Green’s Dictionary of Slang

row v.1

[row n.1 ]

1. to rouse up by making a noise.

[UK]Loiterer 21 Feb. 23: Racket rowed me up at seven o’clock – sleepy and queer but forced to get up to make breakfast for him [OED].

2. to attack or assail a person in a rough manner.

[UK]Loiterer 14 Nov. 258: We [...] looked into every coach, rowed the waggons, examined both the boxes, the roofs, and the baskets .
Loiterer 13 Feb. 340: ‘Let’s row him, Racket,’ exclaimed a third; upon which they unanimously turned their horses against me .
[UK]‘A Pembrochian’ Gradus ad Cantabrigiam 113: To row a room; to break the furniture.
[UK]C.M. Westmacott Eng. Spy I 158: Rowing a fellow was considered good sport.

3. to make a row or disturbance, to quarrel noisily or heatedly; thus rowing n.

L. Gurney in Hare Gurneys of Earlham (1895) I 66: After scolding, rowing, bickering, fixing and unfixing, we all agreed to go .
[US]Harvardiana III 98: Flushed with the juice of the grape, all prime and ready for rowing.
[US]B.H. Hall College Words (rev. edn) 396: rowing. The making of loud and noisy disturbance; acting like a rowdy.
[Aus]Adelaide Obs. (SA) 24 Sept. 2/6: For a scolding he always comes in far a wigging, / A rowing, a jawing, a lipping, or rigging.
[UK]J. Greenwood Little Ragamuffin 215: Your stepmother was out in the alley, rowing with Nosey Warren’s wife.
[UK]J. Greenwood Dick Temple I 190: We rowed, and Joe began to show his true breed.
[UK]J.K. Jerome Three Men in a Boat 209: I do not blame Montmorency for his tendency to row with cats.
[Aus]K. Mackay Out Back 188: Blast yer, weren’t yer rowing too, you neddy?
[US]J. London People of the Abyss 32: I’ll tell you wot I’d get on four poun’ ten — a missus rowin’, kids squallin’.
[Ire]S. O’Casey Plough and the Stars Act II: No rowin’ here, no rowin’ here, now.
[US]D. Hammett ‘The First Thin Man’ in Nightmare Town (2001) 383: If you can’t play cards without rowing I wish you’d stop.
[Aus]D. Stivens Jimmy Brockett 146: They rowed like hell. If it wasn’t one thing, it was the other. Nag, nag, nag, like a pair of fish hags.
[UK]G.F. Newman Villain’s Tale 49: He remembered he used to worry a bit when his parents rowed, tried to help them make the peace, felt uncomfortable when they didn’t.
[UK]C. Newland Scholar 41: When he wasn’t rowing, he was an intelligent and well-mannered child.

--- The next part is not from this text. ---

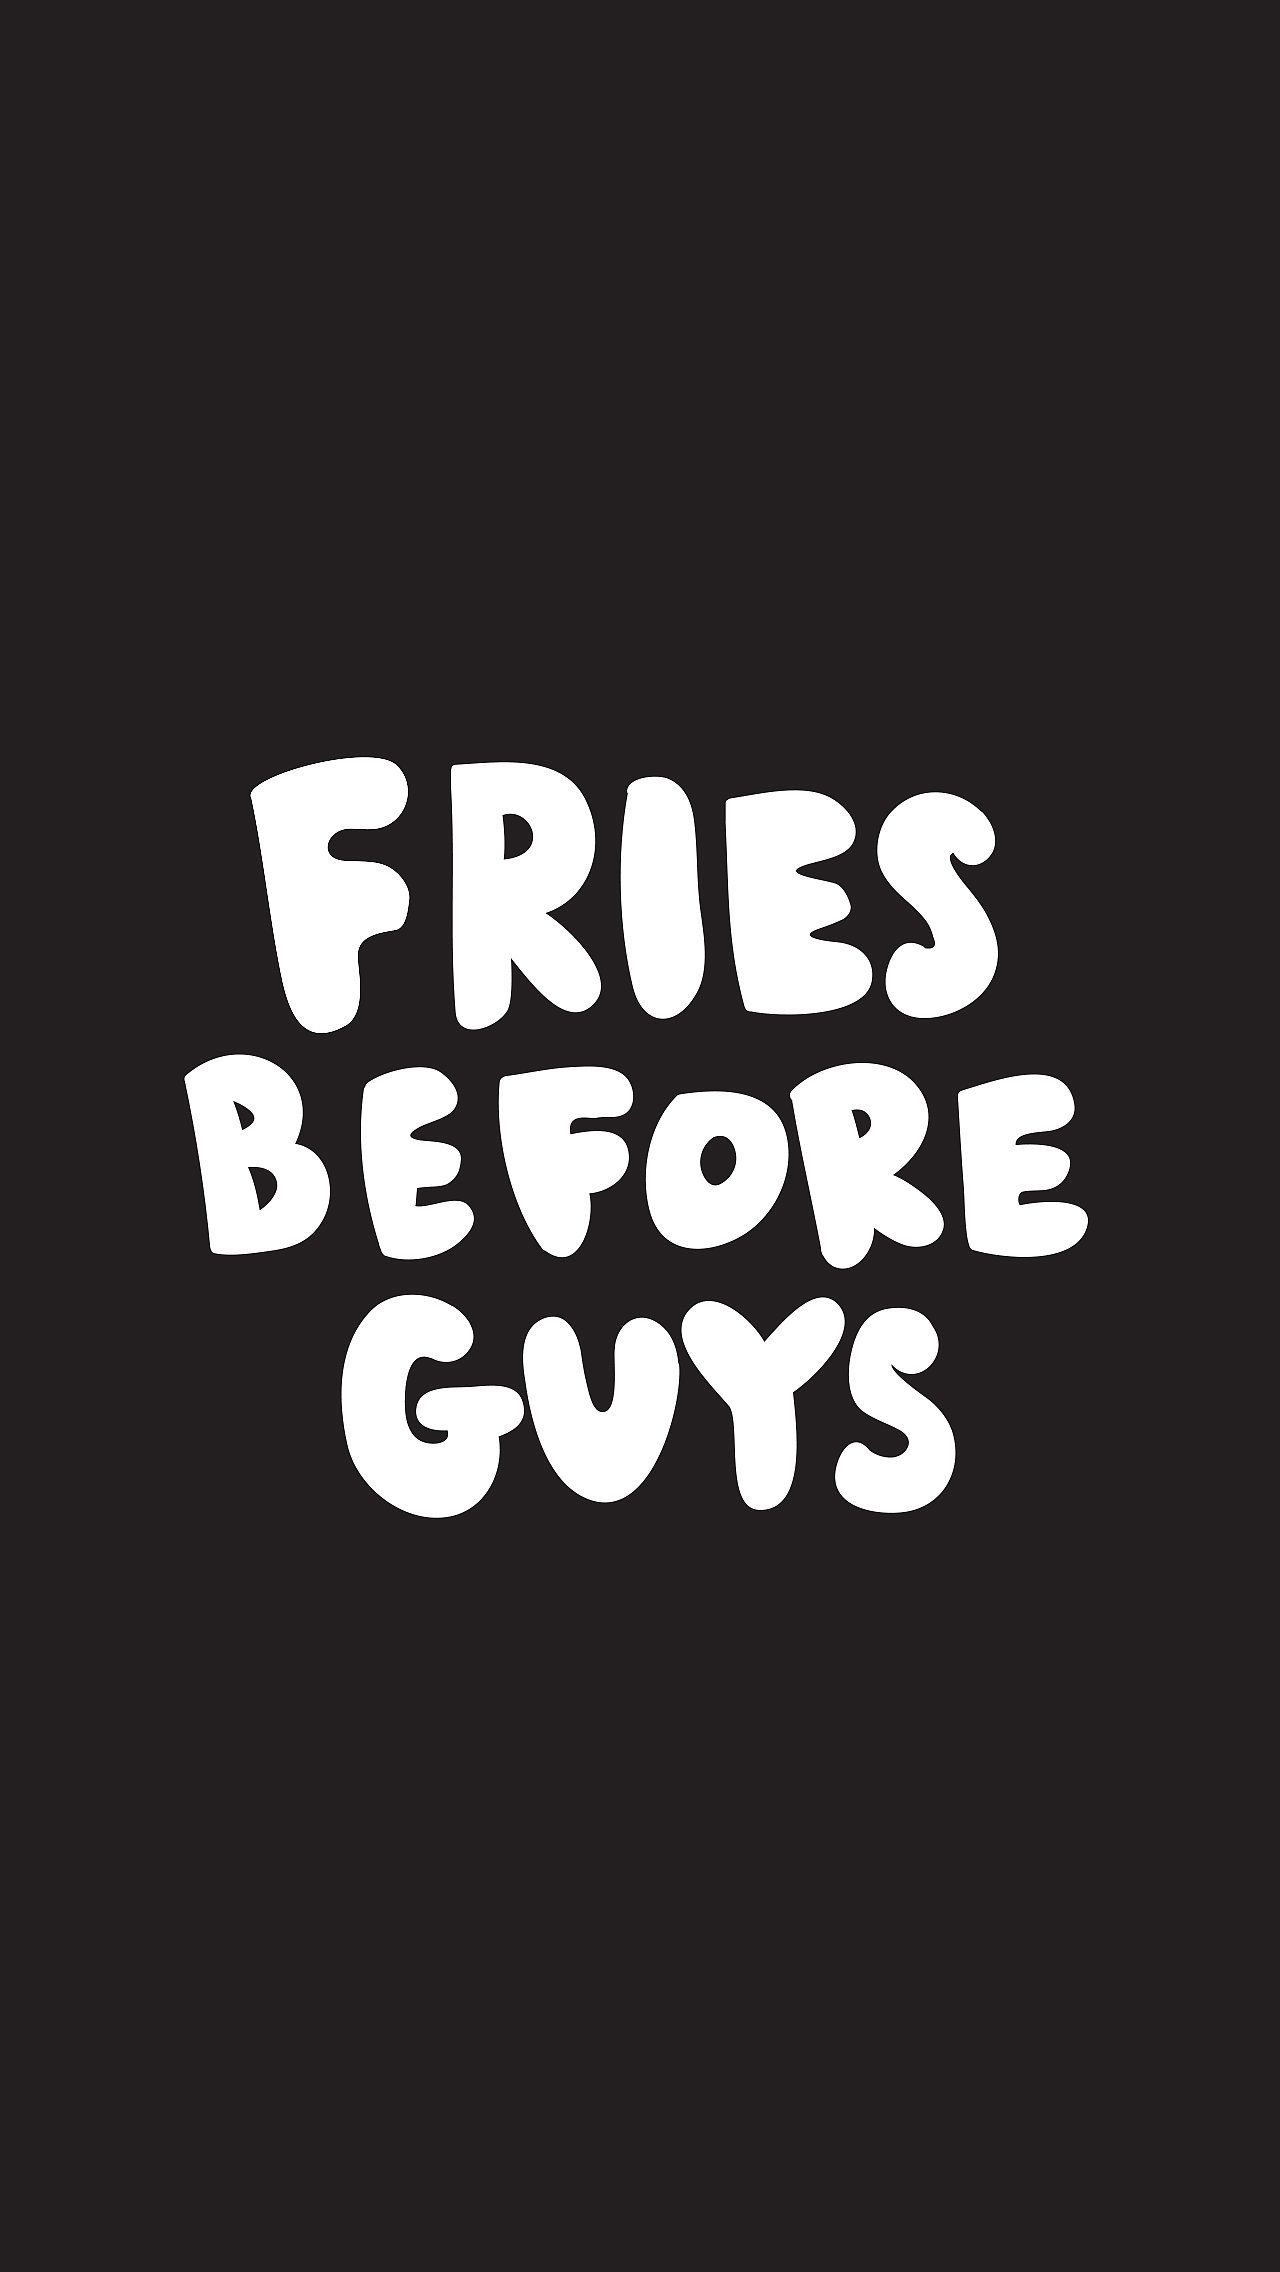 Fries Before Guys 35 Free and Fun iPhone Wallpapers to Liven Up

4. to scold or criticize a person angrily or severely, to take sharply to task; thus rowing n.

[UK]Sporting Mag. Dec. XV 110/2: Rowed the cut of Bluster’s coat – bad taylor.
J. Palmer Like Master (1811) I 212: Helen will row you well, when she sees you, if you are not as good as your word .
[UK]Navy at Home II 18: On his first coming on board, Mr. Shroud hadrowed him, for getting into the boat at all without orders.
[UK]R.S. Surtees Hillingdon Hall I 84: Mrs. Jorrocks jumped all at once into active pursuits [...] rowing the gardener, and nailing and training up rose trees.
[UK]F.W. Farrar Eric I 111: Oh! he’s been rowing us like six o’clock.
[UK]H. Kingsley Hillyars and Burtons (1870) 103: He has drowned himself, after the rowing you gave him last night.
[UK]L. Troubridge Life amongst Troubridges (1966) 87: Marie got rather a rowing for having gone.
[UK]E.J. Milliken Childe Chappie’s Pilgrimage 9: My sire will ‘row’ me vigorously, / My mother sore complain.
[Aus]‘Rolf Boldrewood’ Colonial Reformer III 205: Just as if he was rowing a fellow for awkwardness in saddling his horse.
[Aus]C.J. Dennis ‘The Push’ in Moods of Ginger Mick 38: ’E rowed wiv ’em, an’ scrapped wiv ’em, an’ done some tall C.B.’s, / An’ ’e lobbed wiv ’em on Egyp’s sandy shore.
[UK]A. Brazil Madcap of the School 13: [I]t was an open secret that she had a sneaking weakness for Raymonde. ‘The Bumble Bee rows Ray, but she likes her,’ was the general verdict.
[UK]E. Raymond Tell England (1965) 89: Then we both get rowed by prefects.
[UK]Partridge DSUE (1984) 992/2: from ca. 1825.
[UK]P. Willmott Adolescent Boys of East London (1969) 67: When the old man starts rowing me, I sometimes lose my temper.